DPDK usage discussions
 help / color / mirror / Atom feed
* Performance Bottleneck at NIC with Openshift
@ 2024-04-05 12:40 Tanmay Pandey
  2024-04-25 16:38 ` Dariusz Sosnowski
  0 siblings, 1 reply; 4+ messages in thread
From: Tanmay Pandey @ 2024-04-05 12:40 UTC (permalink / raw)
  To: users

[-- Attachment #1: Type: text/plain, Size: 3377 bytes --]

Hi,


I am using DPDK version 22.11 for performance evaluation running PRoX on an Openshift Cluster where I have created two pods – I am sending traffic from one and receiving on the other and I’ve found that I’m unable to utilize more than 6GB of bandwidth in the server at the packet generation level.
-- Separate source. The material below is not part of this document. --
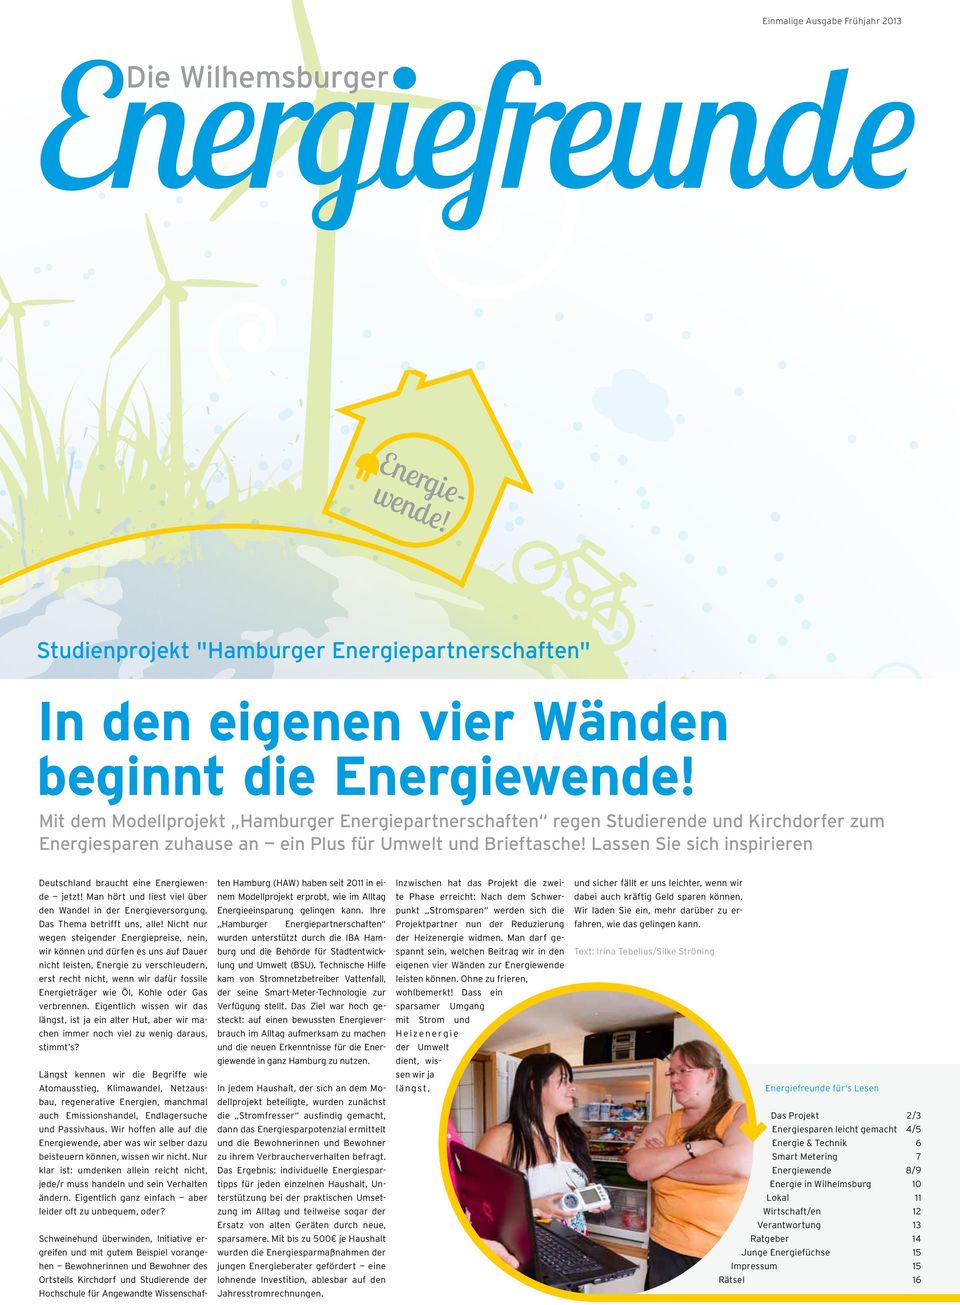 Lassen Sie sich inspirieren Deutschland braucht eine Energiewende jetzt! Man hört und liest viel über den Wandel in der Energieversorgung. Das Thema betrifft uns, alle!

I have tested with a 64-byte frame size and achieved a maximum of 6.99 MPPS.

I’ve attempted to address this issue by adhering to the recommendations outlined in the DPDK 22.11 NVIDIA Mellanox NIC performance report available at https://fast.dpdk.org/doc/perf/DPDK_22_11_NVIDIA_Mellanox_NIC_performance_report.pdf . However, the problem persists.

Additionally, I’ve investigated packet loss at the NIC interface level and found no anomalies. The bottleneck appears to be related to packet generation, but I’m uncertain about the underlying cause.

I am very new to DPDK so don’t really know how to debug this issue. I believe there is something happening between the NIC layer and Openshift.

Additionally, I used the same hardware running kubeadm where I was using the same DPDK and PRoX version with a similar setup and was able to achieve much better performance(at least for the packet generation part – where my current bottleneck occurs).

Can someone point me in the right direction?

I would be happy to provide any other required information

Below are the SUT details:

Nic Model: Ethernet controller: Mellanox Technologies MT2892 Family [ConnectX-6 Dx]

uname -r

5.14.0-284.54.1.rt14.339.el9_2.x86_64



ethtool -i enp216s0f0np0

driver: mlx5_core

version: 5.14.0-284.54.1.rt14.339.el9_2.

firmware-version: 22.35.2000 (MT_0000000359)

expansion-rom-version:

bus-info: 0000:d8:00.0

supports-statistics: yes

supports-test: yes

supports-eeprom-access: no

supports-register-dump: no

supports-priv-flags: yes



## CPU

Architecture:            x86_64

  CPU op-mode(s):        32-bit, 64-bit

  Address sizes:         46 bits physical, 48 bits virtual

  Byte Order:            Little Endian

CPU(s):                  104

  On-line CPU(s) list:   0-103

Vendor ID:               GenuineIntel

  BIOS Vendor ID:        Intel

  Model name:            Intel(R) Xeon(R) Gold 6230R CPU @ 2.10GHz

    BIOS Model name:     Intel(R) Xeon(R) Gold 6230R CPU @ 2.10GHz

Operating System:

cat /etc/os-release

NAME="Red Hat Enterprise Linux CoreOS"

ID="rhcos"

ID_LIKE="rhel fedora"

VERSION="415.92.202402201450-0"

VERSION_ID="4.15"

VARIANT="CoreOS"

VARIANT_ID=coreos

PLATFORM_ID="platform:el9"

PRETTY_NAME="Red Hat Enterprise Linux CoreOS 415.92.202402201450-0 (Plow)"

ANSI_COLOR="0;31"

CPE_NAME="cpe:/o:redhat:enterprise_linux:9::coreos"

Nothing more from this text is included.